Sell parts and spares online
You may or may not realize that a great deal of what you buy on Amazon comes from third-party sellers. Sometimes, they’ve simply purchased existing products in bulk to resell. Other times, they’ve actually designed something from the ground up and worked with a large manufacturer to offer it under a proprietary brand (“private label”).
That’s as true with electric scooters as with any other product category.
If you see growing demand for simple and readily available parts, then what’s to stop you from following that same business model? Granted, it takes money and involves risk. But also exposes you more directly to market growth than, say, in a gargantuan corporation whose vast portfolio just so happen to include a scooter rental service.
Design the accessories you wish existed
Let’s take that idea a step further.
Is there a scooter accessory you can’t believe nobody has made yet? Or does a common part cause headaches that would be a cinch to solve?
If so, then consider filling that gap with a design of your own. 3D printing is a cheap and quick way to test your design, especially if you can get access to a shop, “makerspace,” or other setting with high-end equipment.
You can also work with a bigger manufacturer, but keep in mind that prototypes and inventory can eat up capital with no guarantee of a return. That’s especially true if your design would be the very first of its kind. In that case, low-cost 3D-printed prototypes strike me as a better choice.
Offer an uncommon but valuable service
Dedicated repair services are extremely hard to find, and shipping a scooter to the manufacturer to repair is very expensive.
If you have in-depth knowledge of scooter mechanics and electronics, then consider repairing them–for a decent fee, of course.
Drop-off services could work well in/near large cities, and a mobile service seems even more promising.

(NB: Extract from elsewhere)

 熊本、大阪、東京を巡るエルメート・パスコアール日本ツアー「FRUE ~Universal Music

You may need tools and will certainly need an inventory of common spares. But unlike something you’ve invented from scratch, the above can usually be resold if you don’t need them.
By the way, consider using your technical know-how to pick up secondhand electric scooters and resell them at a premium. After all, the skills needed to repair others’ scooters are basically the same skills needed to fix and flip for yourself.

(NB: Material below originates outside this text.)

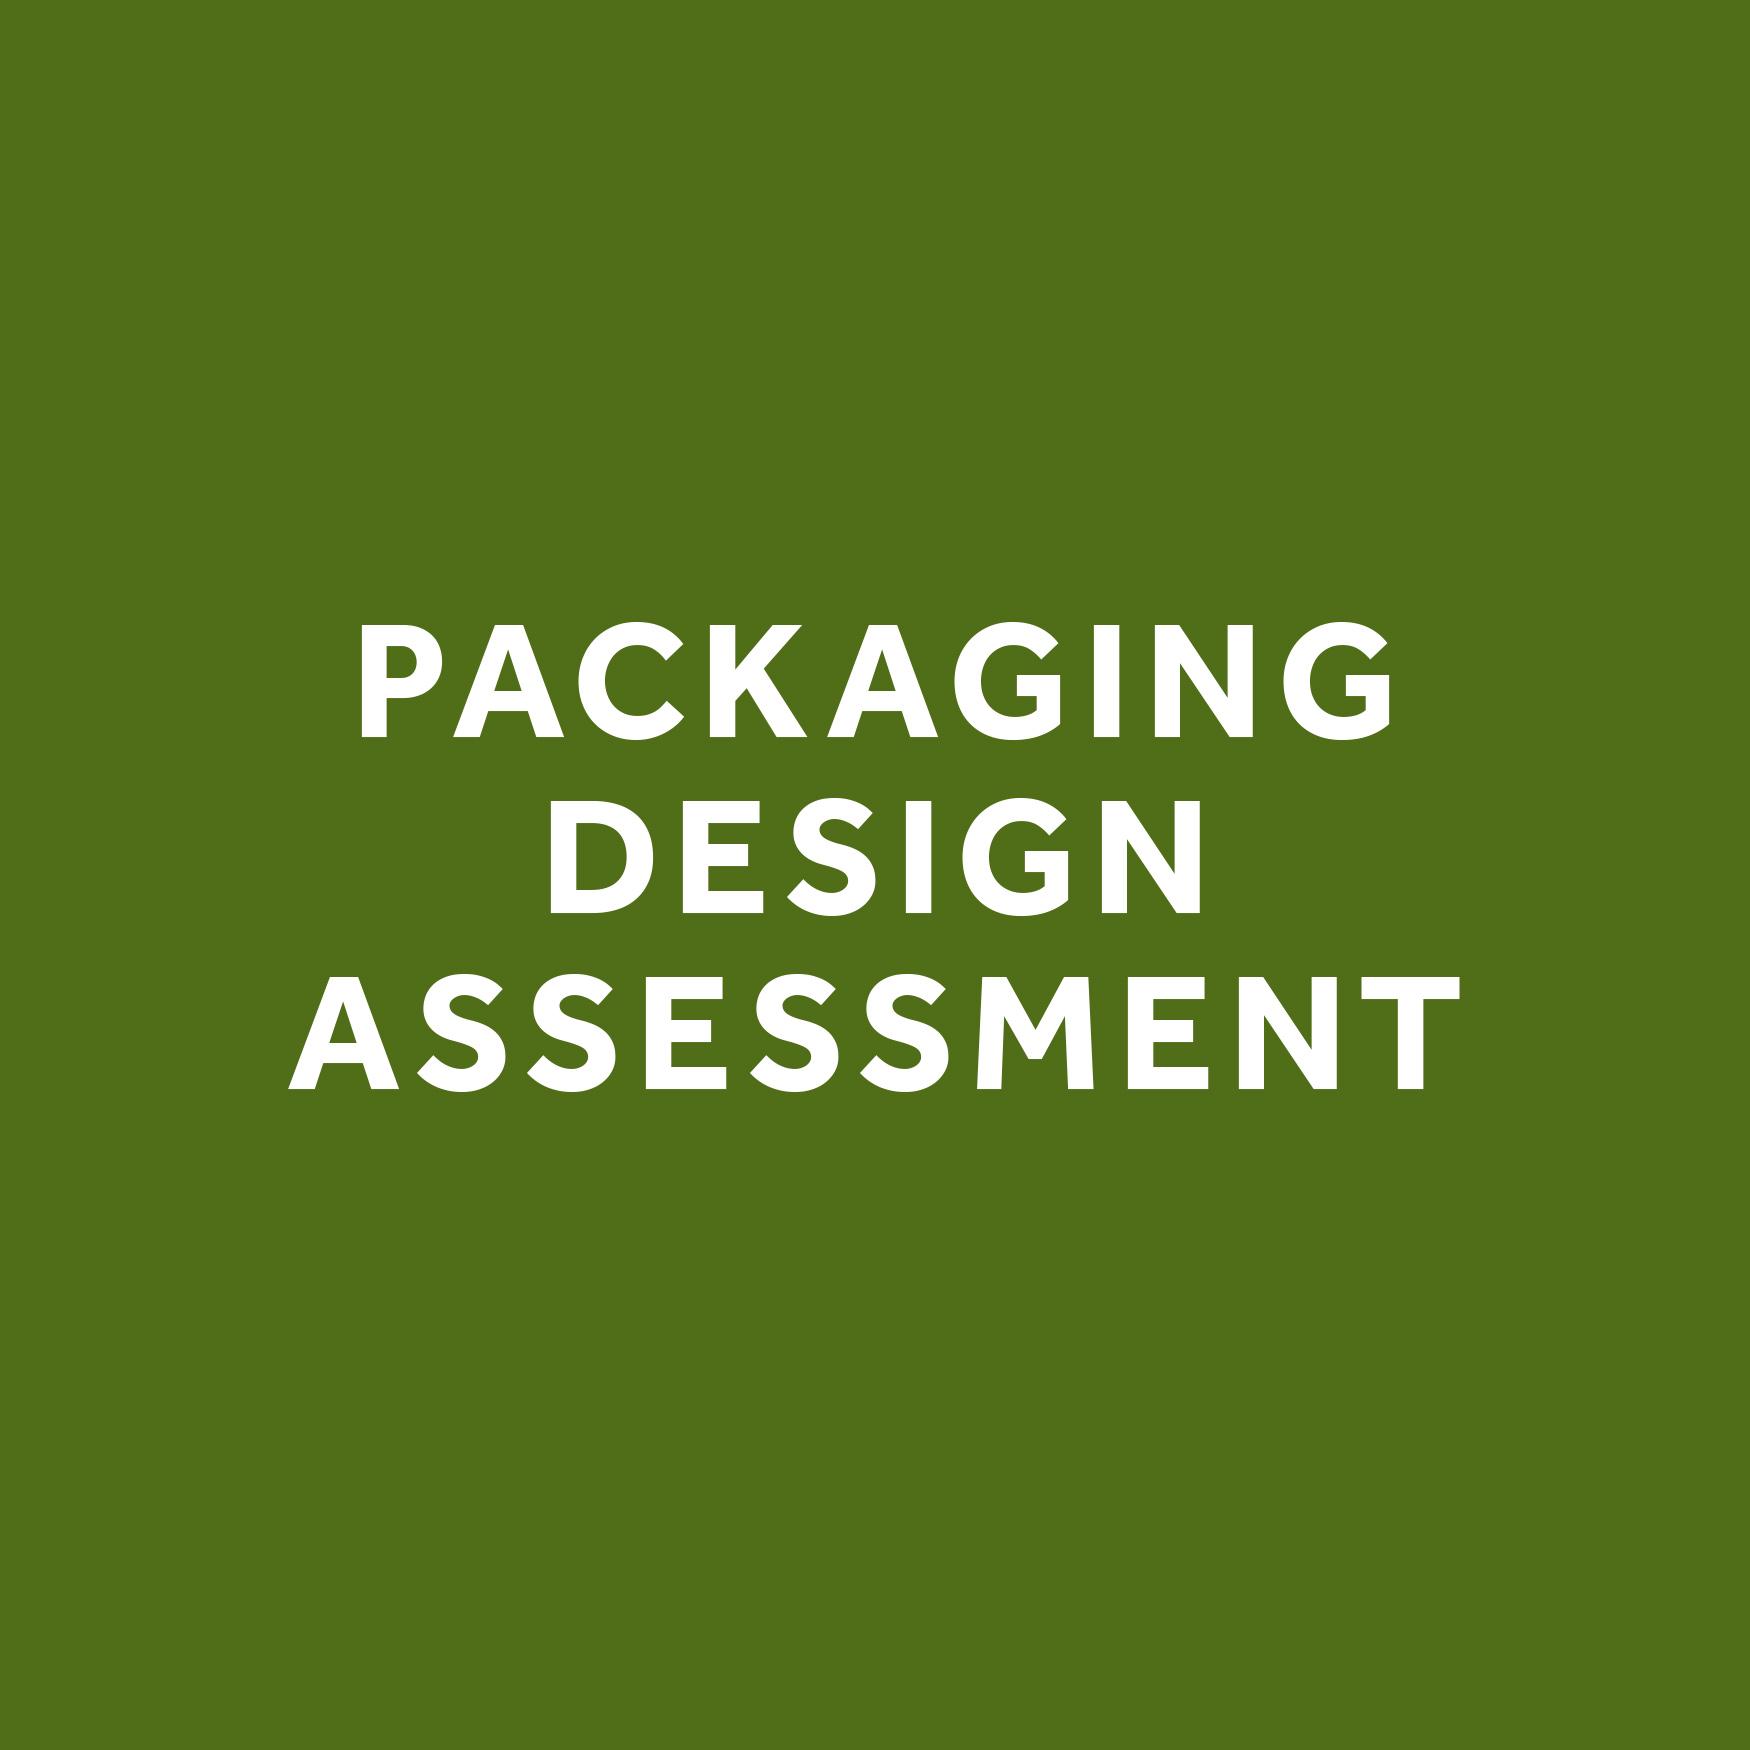 PACKAGING design.jpg

Create ultra-helpful industry & product info
As the electric scooter market grows, so will the questions people need answered. From reviews and buyer’s guides to how-to’s and FAQs, you can turn your firsthand experience into an endless amount of useful information.
Remember: usefulness and relevance brings eyeballs, and eyeballs bring revenue.
If you’re trying to monetize your interest with essentially no upfront costs, then this is easily the best way. Speaking as a blogger myself, be prepared for hard work, slow progress, and stiff competition!
We’ve seen that there are a few stocks with exposure to electric kick scooter rental. The upcoming Helbiz listing is the most direct, but also the most speculative. Scooter manufacturers are generally not accessible to individual investors, since those companies are mostly private and foreign.
If you’re optimistic about the electric scooter market, and are willing to put in the work, then I believe your own project will be the best investment. We’ve covered a few ideas, ranging from info/media projects to e-commerce and design.
Those of you who are entrepreneurially inclined will think of plenty of other ways to build a small business around this niche–and perhaps even a not-so-small one!